On Apr 10, 2012, at 11:02 AM, Philip Tromans wrote:

> I think you want something more like:
> 
> SELECT t2.value - t1.value
> FROM mytable t1
> JOIN mytable t2 ON (t1.rownum = t2.rownum + 1 AND t2.partition=bar)
> WHERE t1.partition=foo;
> 
> This should be faster as partition selection will happen earlier.
> 
> This is still going to involve an awful lot of I/O, and not going to be fast.
> 
> Phil.
> 
> 
> On 10 April 2012 15:56, David Kulp <dk...@fiksu.com> wrote:
>> You have to explicitly request it in CREATE TABLE.  And you should generally 
>> let hive perform the clustering -- i.e. don't use an external table with 
>> data that is generated by some other process because it's hard to get the 
>> hash and notation right.
>> Check your table with "DESCRIBE FORMATTED tablename".
>> 
>> On Apr 10, 2012, at 10:51 AM, <karanveer.si...@barclays.com> 
>> <karanveer.si...@barclays.com> wrote:
>> 
>>> Thanks - I will check this out.
>>> 
>>> Meanwhile, would default clustering happen using rownum? How can I check on 
>>> how is clustering happening in our environment?
>>> 
>>> Rgds
>>> 
>>> ----- Original Message -----
>>> From: David Kulp <dk...@fiksu.com>
>>> To: user@hive.apache.org <user@hive.apache.org>
>>> Sent: Tue Apr 10 15:45:25 2012
>>> Subject: Re: Lag function in Hive
>>> 
>>> New here.  Hello all.
>>> 
>>> Could you try a self-join, possibly also restricted to partitions?
>>> 
>>> E.g. SELECT t2.value - t1.value FROM mytable t1, mytable t2 WHERE t1.rownum 
>>> = t2.rownum+1 AND t1.partition=foo AND t2.partition=bar
>>> 
>>> If your data is clustered by rownum, then this join should, in theory, be 
>>> relatively fast -- especially if it makes sense to exploit partitions.
>>> 
>>> -d
>>> 
>>> On Apr 10, 2012, at 10:37 AM, <karanveer.si...@barclays.com> 
>>> <karanveer.si...@barclays.com> wrote:
>>> 
>>>> Makes sense but is not the distribution across nodes for a chunk of 
>>>> records in that order.
>>>> 
>>>> If Hive cannot help me do this, is there another way I can do this? I 
>>>> tried generating an identifier using the perl script invoked using Hive 
>>>> but it does not seem to work fine.
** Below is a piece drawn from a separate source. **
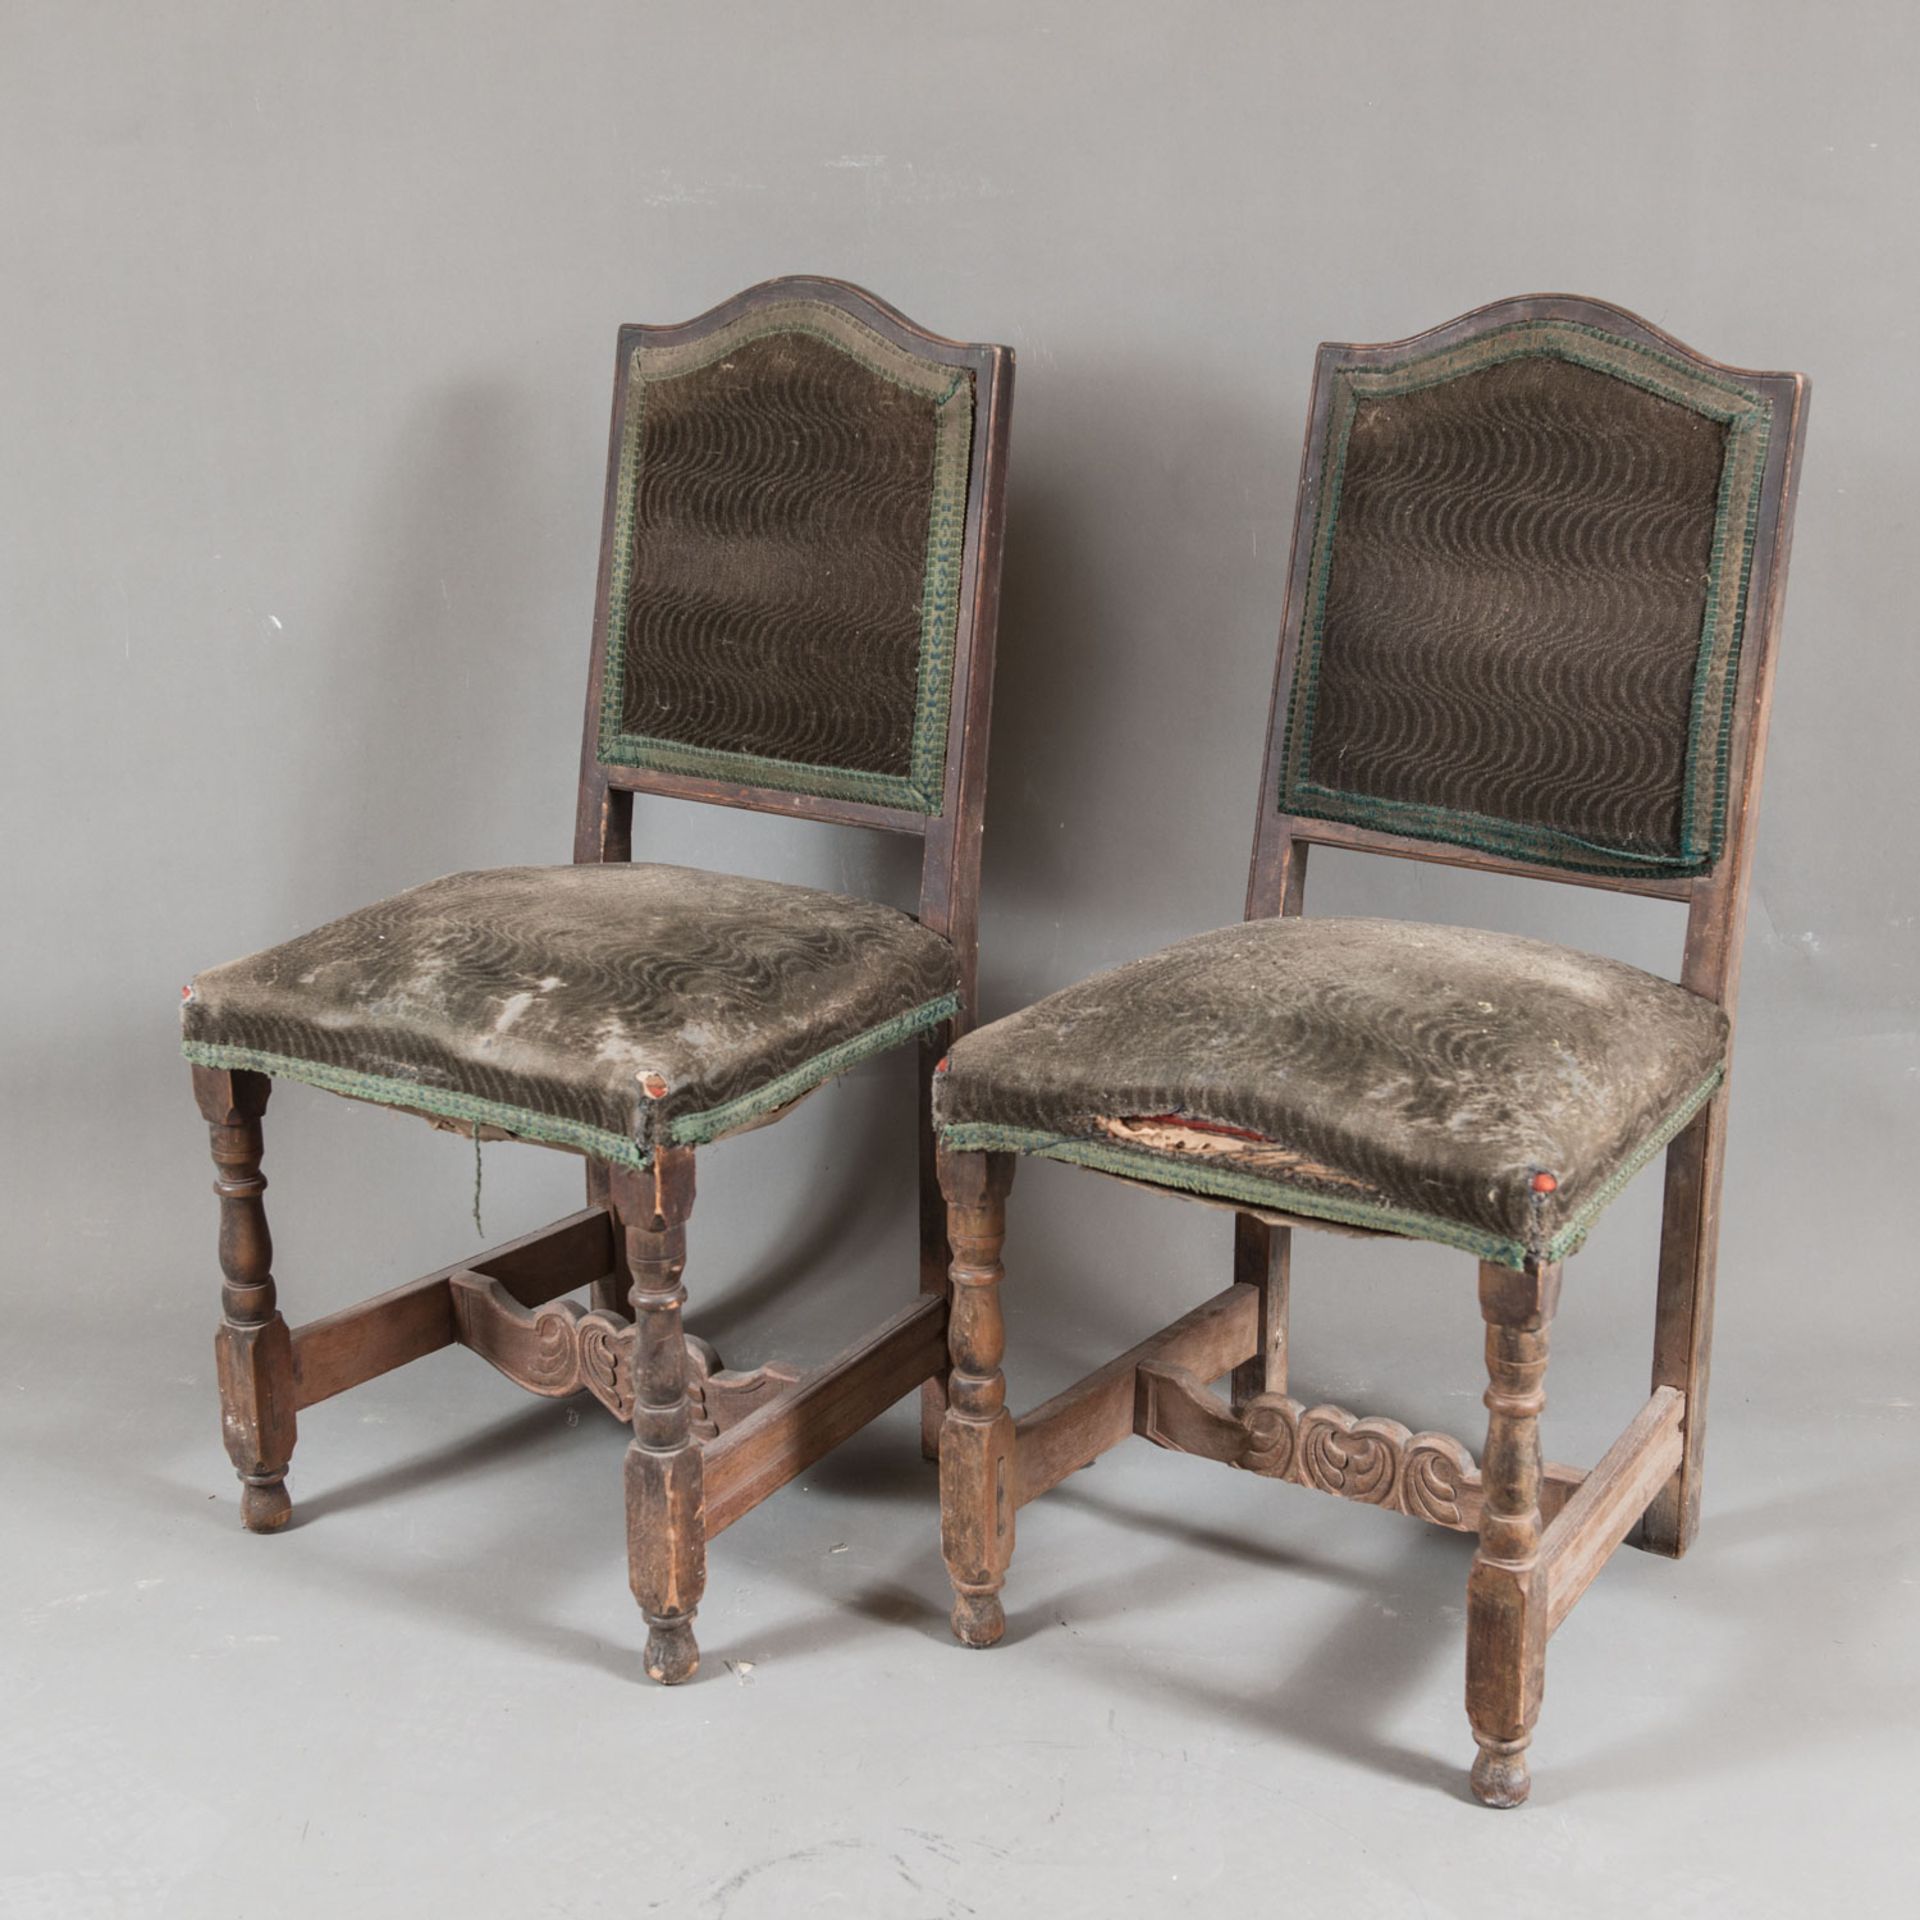 Four Manieristic Style Chairs - Image 2 of 3
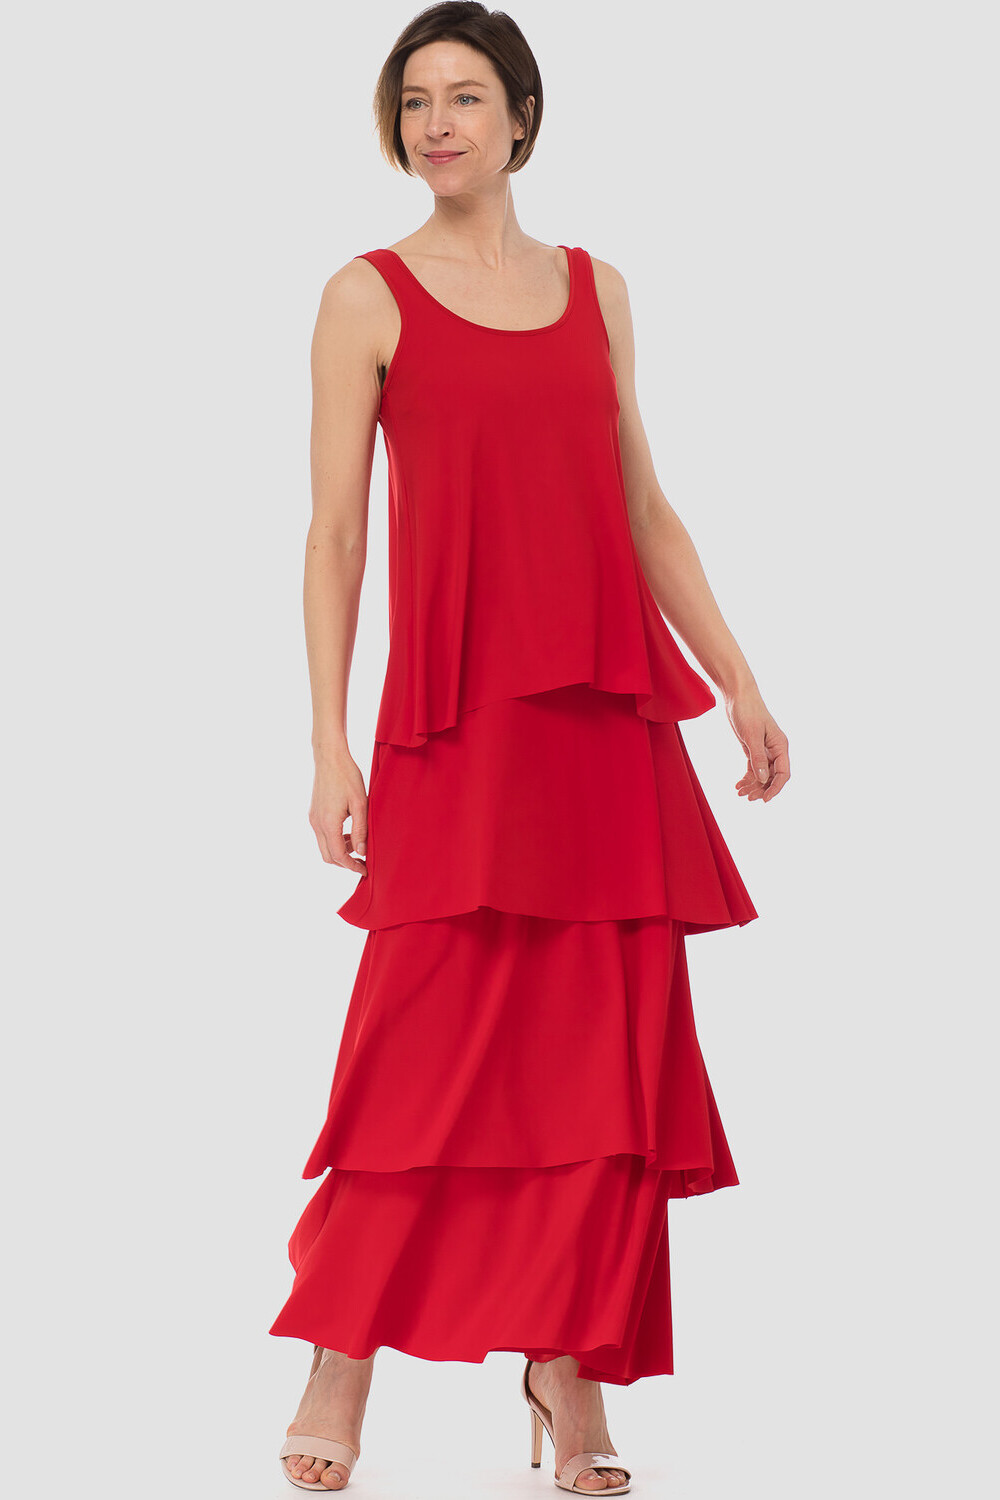 Joseph Ribkoff robe style 182023. Rouge A Levres 173

While the stand alone script works 
>>>> fine, when the record is created in hive using std output from perl - I 
>>>> see 2 records for some of the unique identifiers. I explored the 
>>>> possibility of default data type changes but that does not solve the 
>>>> problem.
>>>> 
>>>> Regards,
>>>> Karan
>>>> 
>>>> 
>>>> -----Original Message-----
>>>> From: Philip Tromans [mailto:philip.j.trom...@gmail.com]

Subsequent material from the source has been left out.